17 Sep
2015
Posted in: Travel
By    Comments Off on Something Will Stick in the Mind

Something Will Stick in the Mind

As I mentioned yesterday, I leave early Saturday morning for the next Community Dharma Leader (CDL) training retreat in Garrison, NY. Tomorrow will be hectic, so I probably won’t post again until I return. Check back again sometime after September 28.

For today I’m doing all my regular getting-ready-to-go rituals, which in addition to doing laundry and making lists, includes taking a moment to read a bit from my favorite mind-travel guidebook: Invisible Cities, by Italo Calvino.

Cities & Signs 2

Travelers return from the city of Zirma with distinct memories: a blind black man shouting in the crowd, a lunatic teetering on a skyscraper’s cornice, a girl walking with a puma on a leash. Actually many of the blind men who tap their canes on Zirma’s cobblestones are black; in every skyscraper there is someone going mad; all lunatics spend hours on cornices; there is no puma that some girl does not raise, as a whim. The city is redundant: it repeats itself so that something will stick in the mind.

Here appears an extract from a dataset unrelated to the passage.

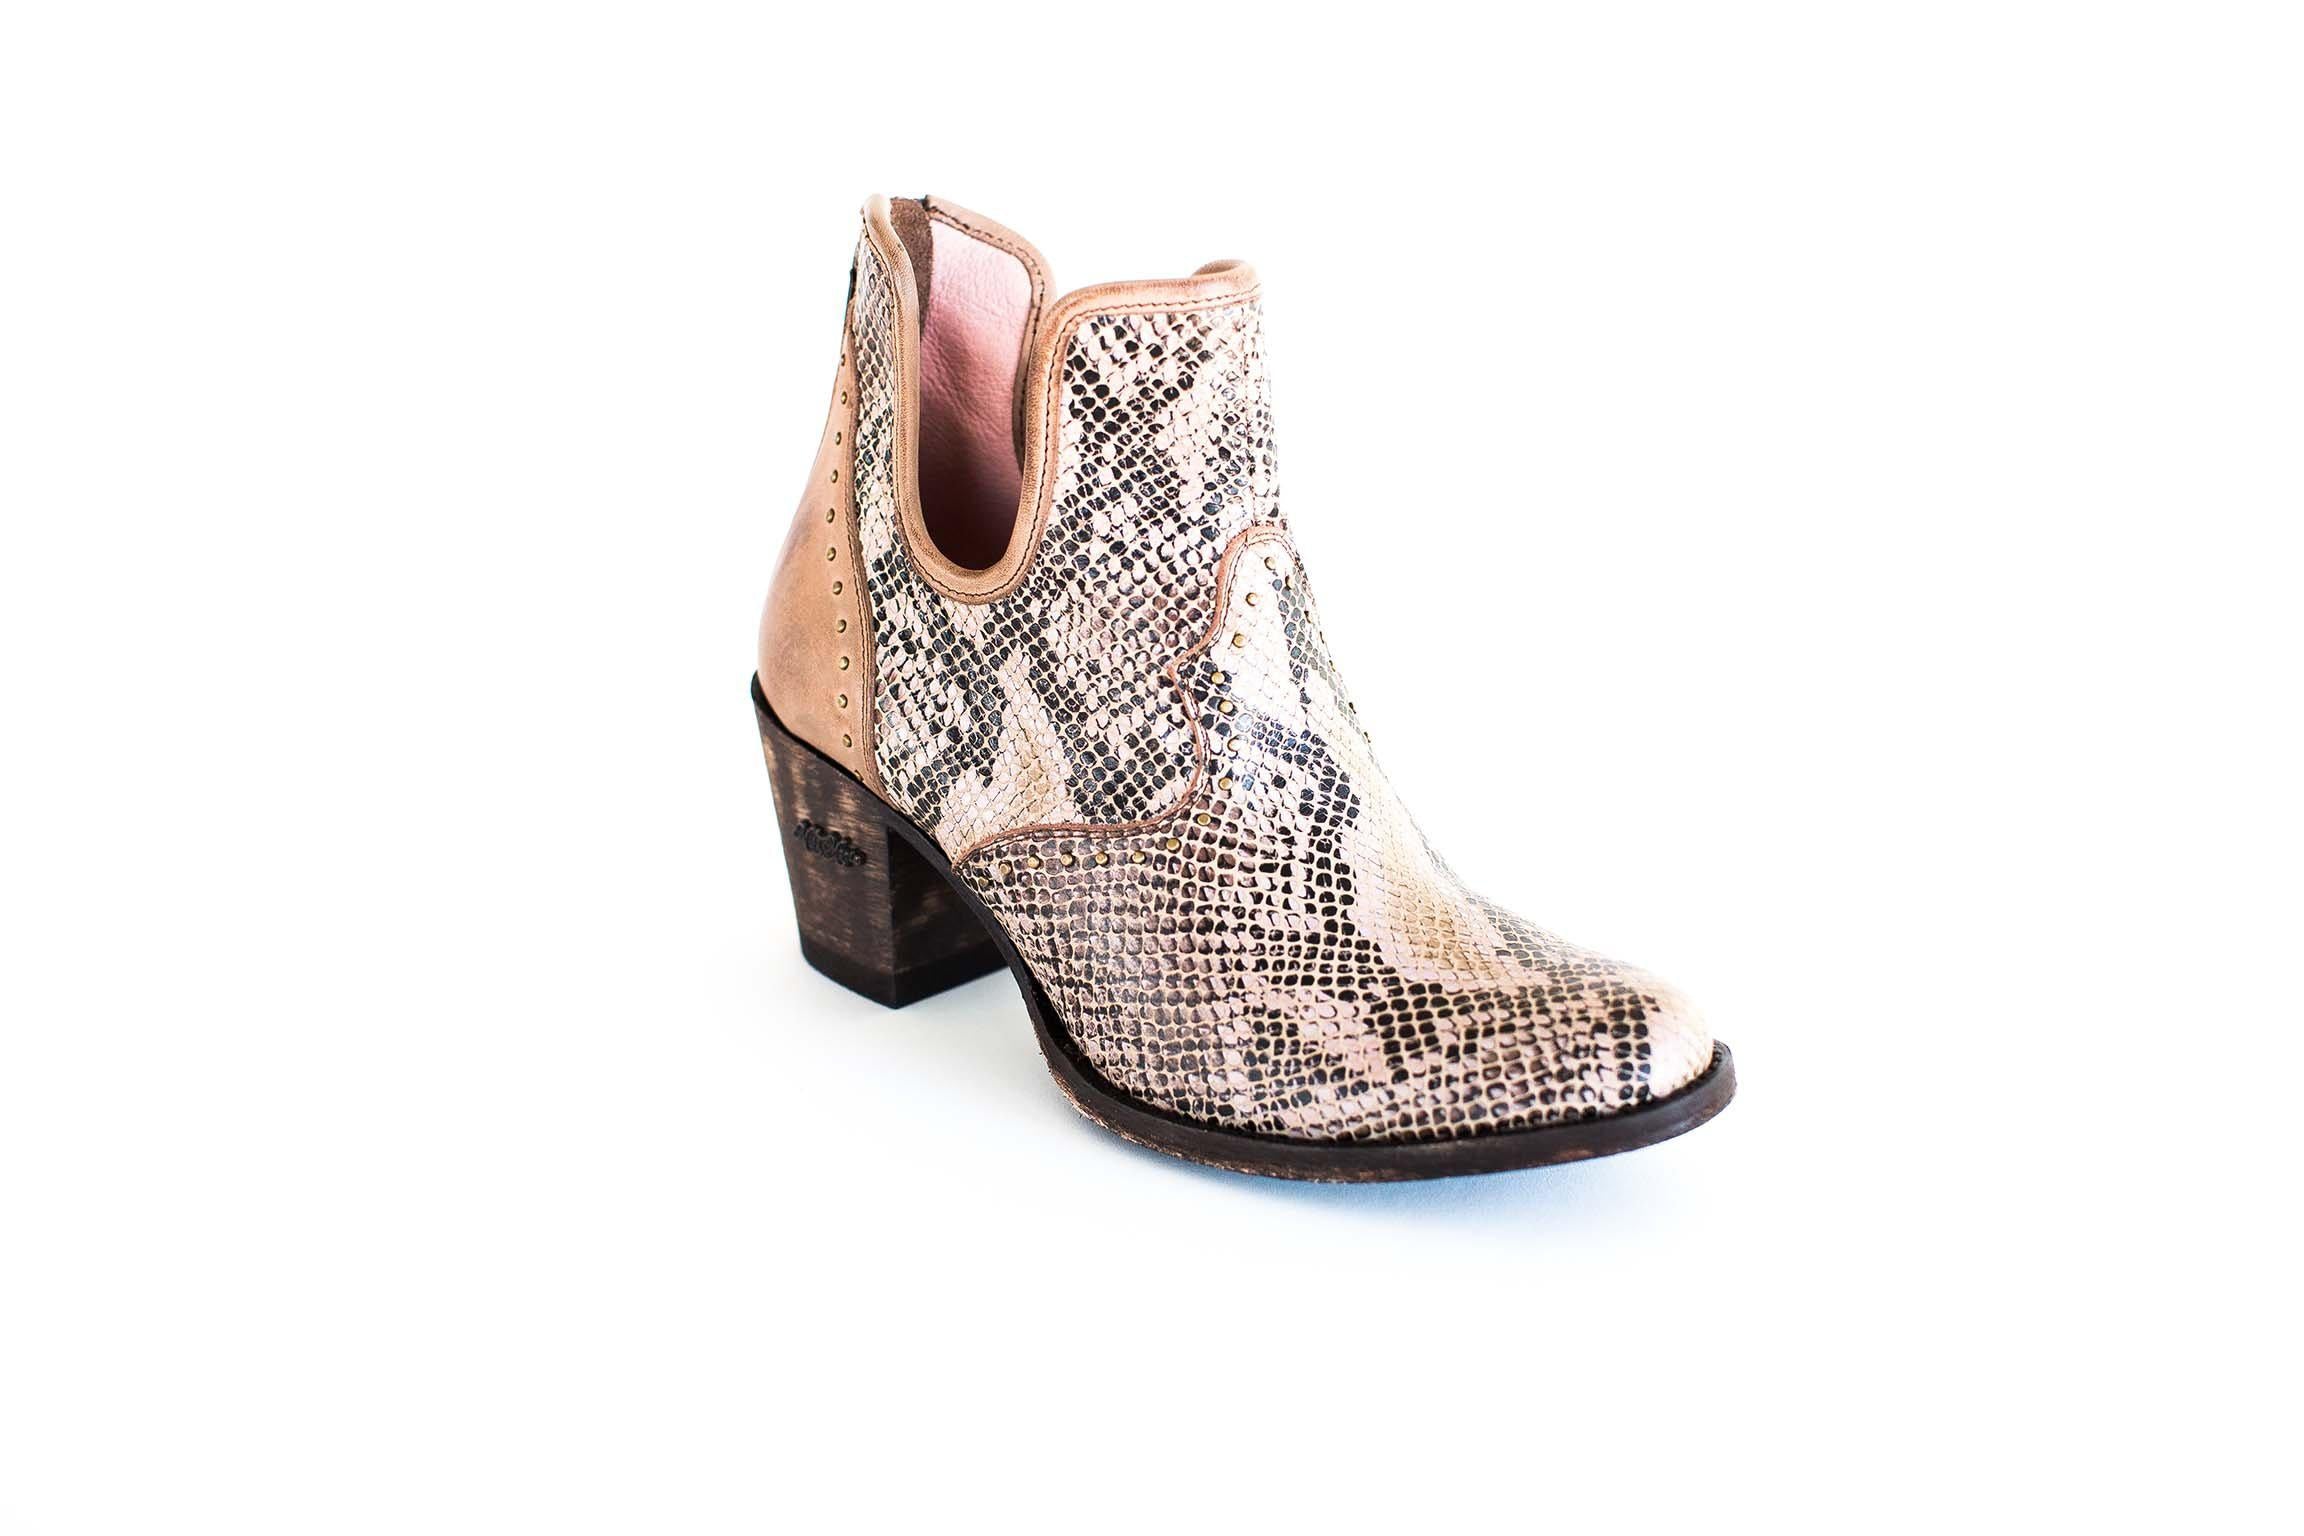 Miss Macie Boots Faith Collection - Honey Hush in Snake Skin

I too am returning from Zirma: my memory includes dirigibles flying in all directions, at window level; streets of shops where tattoos are drawn on sailors’ skin; underground trains crammed with obese women suffering from the humidity. My traveling companions, on the other hand, swear they saw only one dirigible hovering among the city’s spires, only one tattoo artist arranging needles and inks and pierced patterns on his bench, only one fat woman fanning herself on a train’s platform. Memory is redundant: it repeats signs so that the city can begin to exist.